FIG. 1 is a configuration diagram illustrating an infrared laser imaging device according to an embodiment of the present invention.

FIG. 2 is a diagram showing an example of scanning irradiation of a rectangular beam in the horizontal direction in the infrared laser imaging device according to one embodiment of the present invention.

FIG. 3 is a diagram illustrating another example of scan irradiation of a rectangular beam in the horizontal direction in the infrared laser imaging device according to one embodiment of the present invention.

FIG. 4 is a diagram showing a conventional chopper shape.

[Explanation of symbols]

 REFERENCE SIGNS LIST 1 infrared laser oscillator 2 laser scanning optical system 3 imaging lens of imaging camera 4 pyroelectric uncooled imaging element 5 signal processing unit 6 camera head of infrared camera 7 control device 8 target plate 11, 13 rectangular beam 12 imaging area 14 Optical fiber

──────────────────────────────────────────────────の Continued on the front page (58) Field surveyed (Int.

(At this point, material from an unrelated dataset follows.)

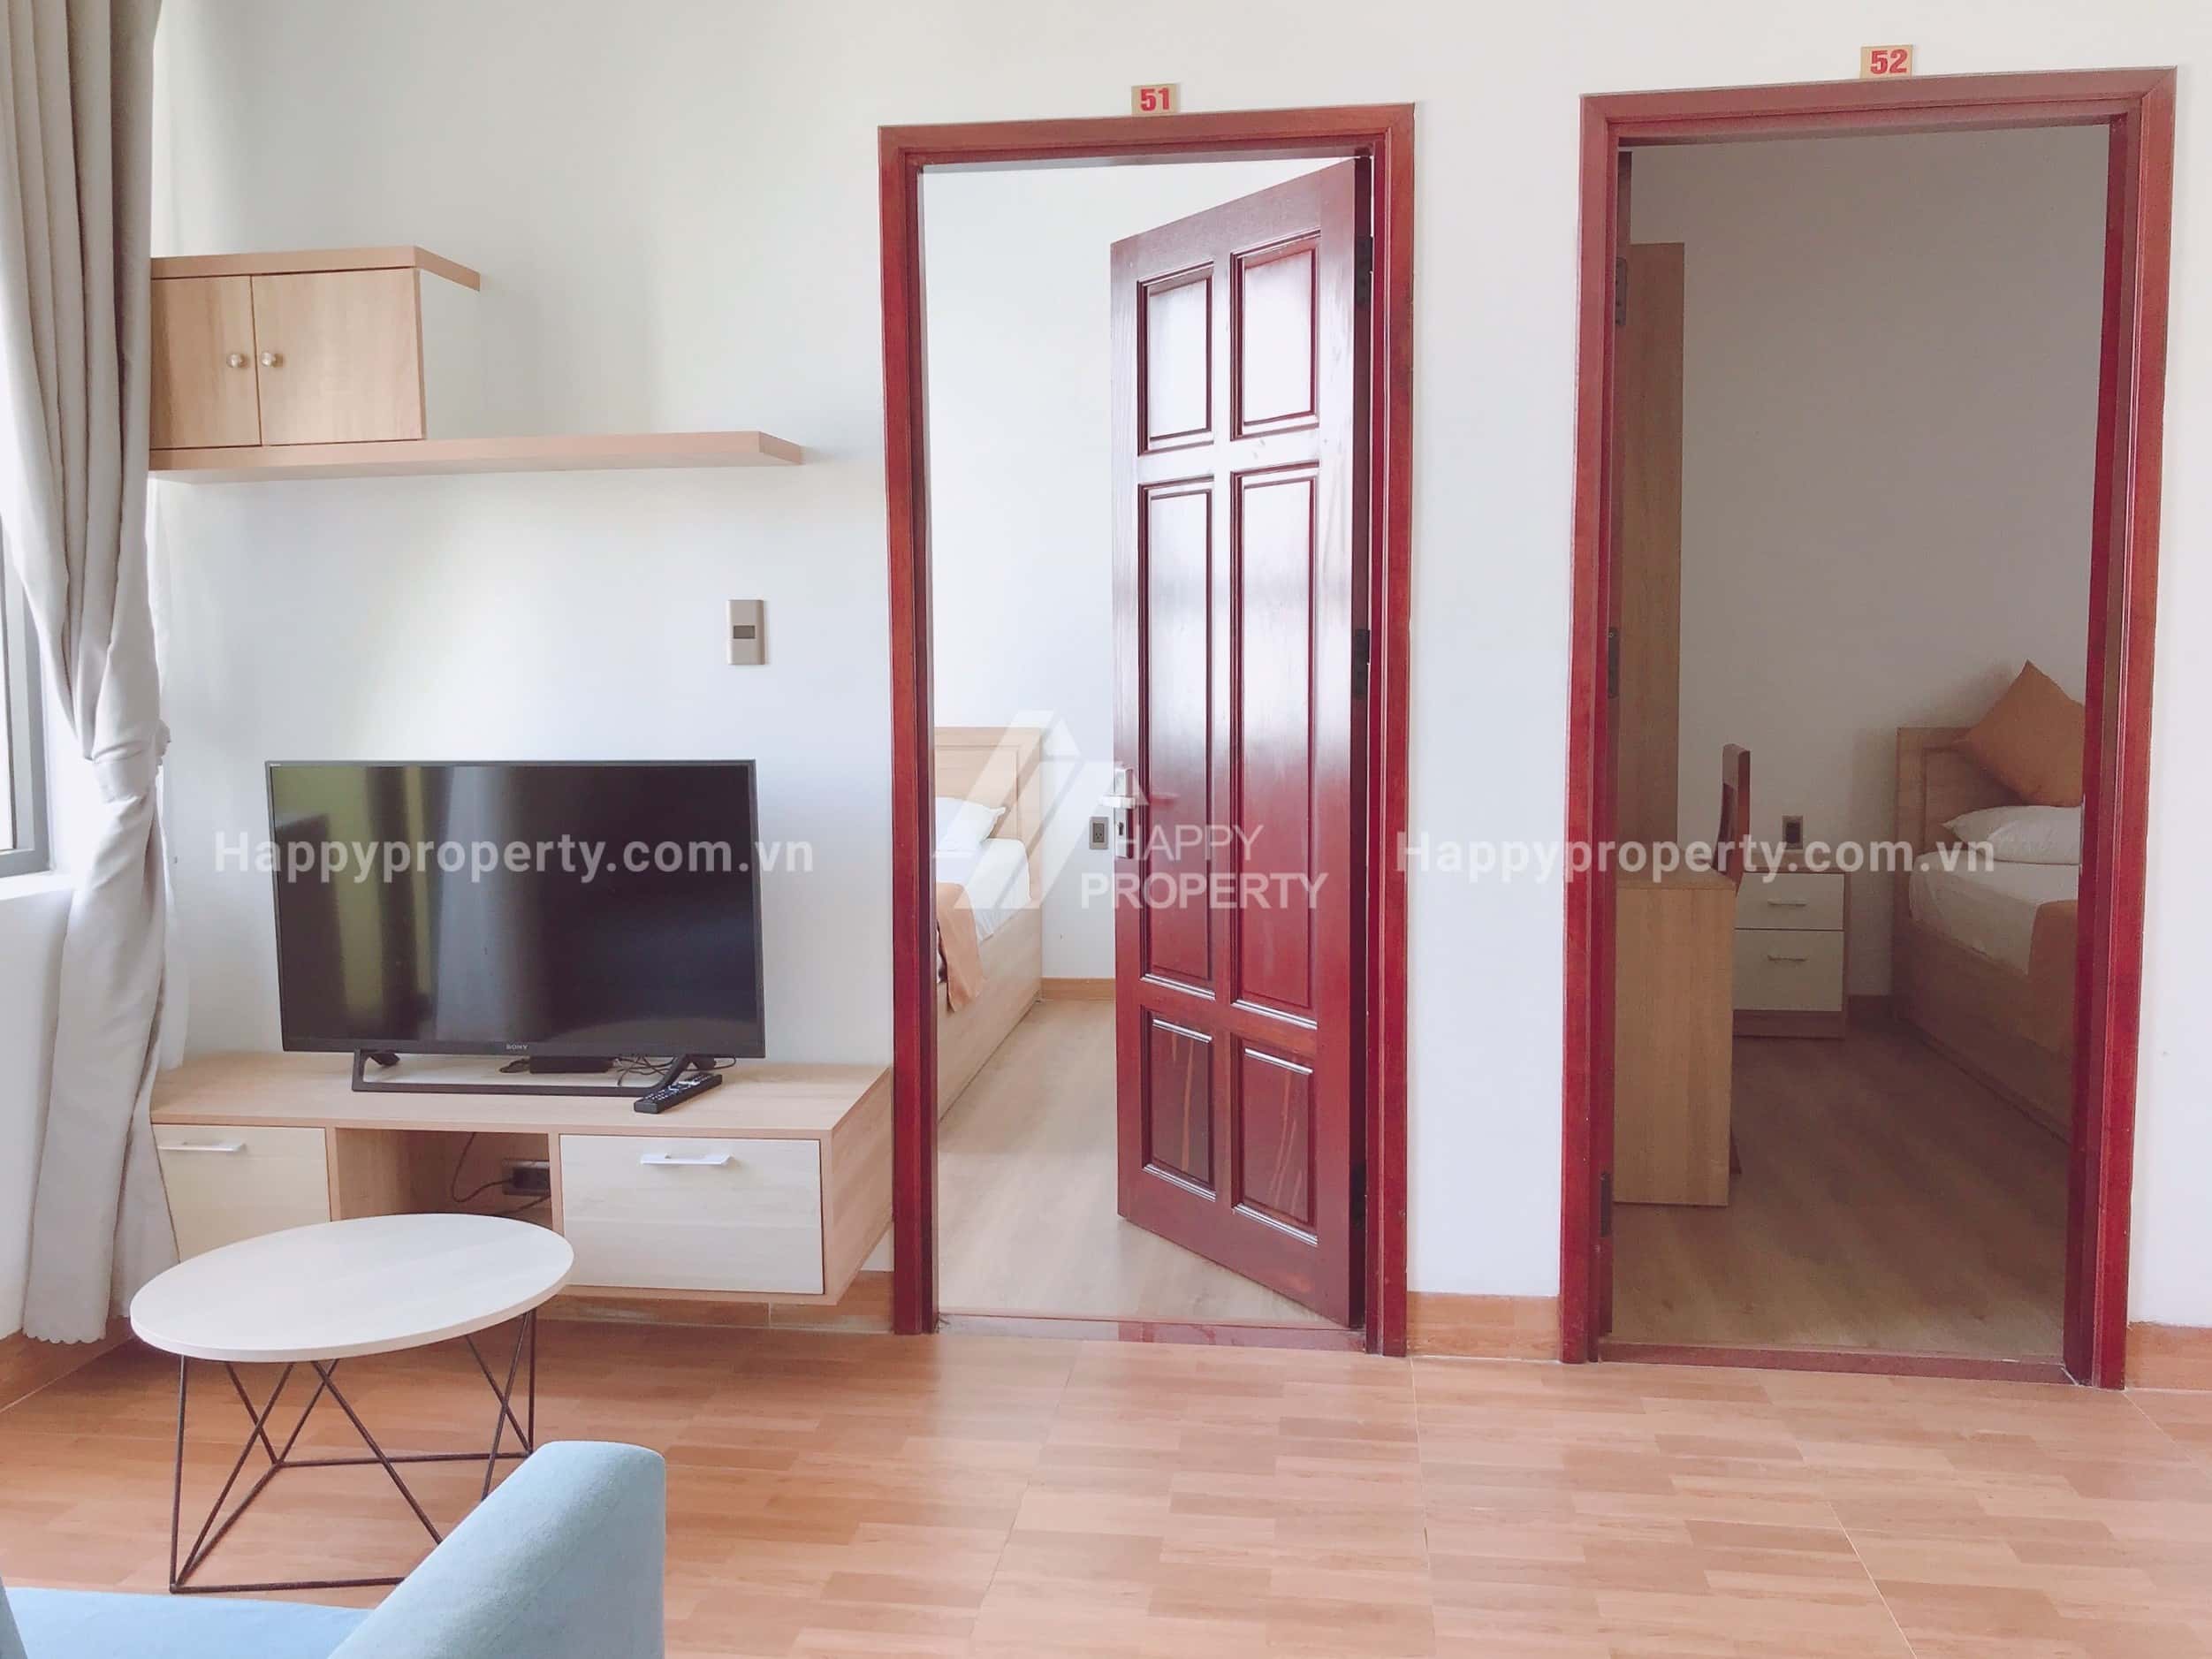 My Khe Beach Area 2 Bedrooms Apartment For Rent – NHS30
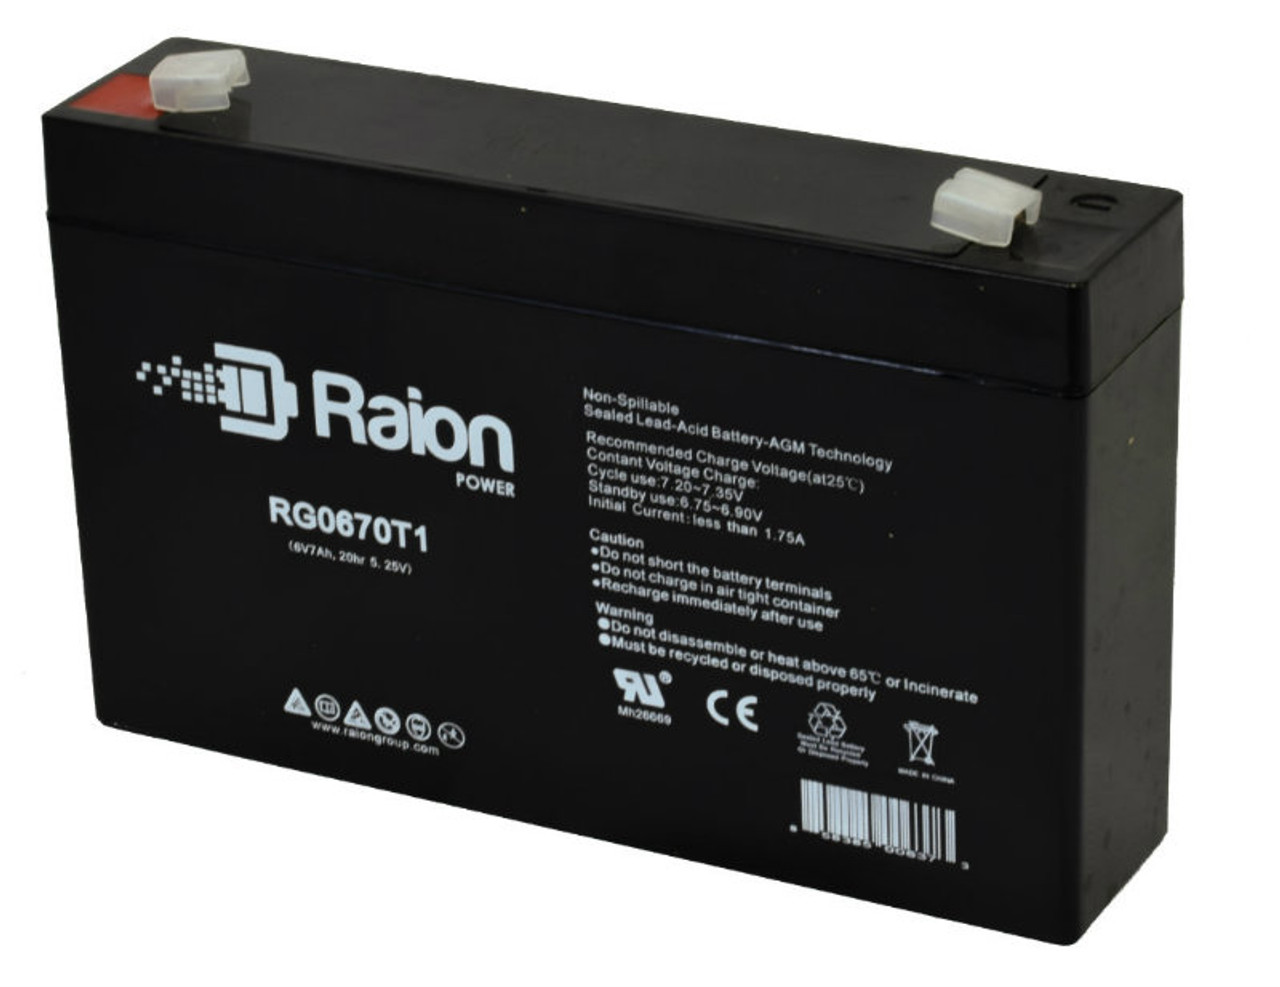 Raion Power RG0670T1 6V 7Ah Replacement Emergency Lighting Battery for Lithonia ES

Cl. ⁷ , DB name) G01N 21/00-21/01 G01N 21/17-21/61 G01J 1/00-1/60 G01V 3 / 16 G01J 5/00-5/62

Claims (6)

(57) [Claims] 1. A laser beam of an infrared laser is scanned on a target surface, and a laser reflected light obtained by the scanning is imaged from a pyroelectric uncooled two-dimensional infrared imaging device by electronic scanning synchronized with a laser beam scanner. An infrared laser imaging device characterized by reading out as a signal. 2. An infrared laser oscillator for emitting a laser beam for irradiating a target surface, a scanning optical system for scanning a laser beam emitted from the infrared laser oscillator on a target surface, and the laser by the scanning optical system. Pyroelectric uncooled infrared imaging element in which laser reflected light obtained by beam scanning forms an image, scanning timing by the scanning optical system, and scanning timing of electronic scanning by the pyroelectric uncooled infrared imaging element An infrared laser imaging apparatus, comprising: means for synchronizing image data; and means for reading out the image formed on the pyroelectric type uncooled infrared imaging element as a video signal. 3. The infrared laser imaging apparatus according to claim 2, wherein the infrared laser oscillator oscillates the laser beam at a wavelength corresponding to a resonance absorption wavelength of a gas to be visualized. 4. The scanning optical system shapes the laser beam into a rectangular beam having one of a vertical direction and a horizontal direction of the target surface as a longitudinal direction, and converts the rectangular beam into a vertical direction and a horizontal direction of the target surface. 4. An infrared laser imaging apparatus according to claim 2, wherein the infrared laser imaging apparatus is configured to scan the other side. 5. An infrared laser imaging apparatus according to claim 2, further comprising an imaging lens for imaging said laser reflected light on said pyroelectric type uncooled infrared imaging device. apparatus. 6. The scanning optical system according to claim 1, wherein the scanning optical system is configured to sequentially scan each of a plurality of divided areas among the imaging areas of the target surface divided into n (n is a positive integer). The infrared laser imaging device according to any one of claims 2 to 5.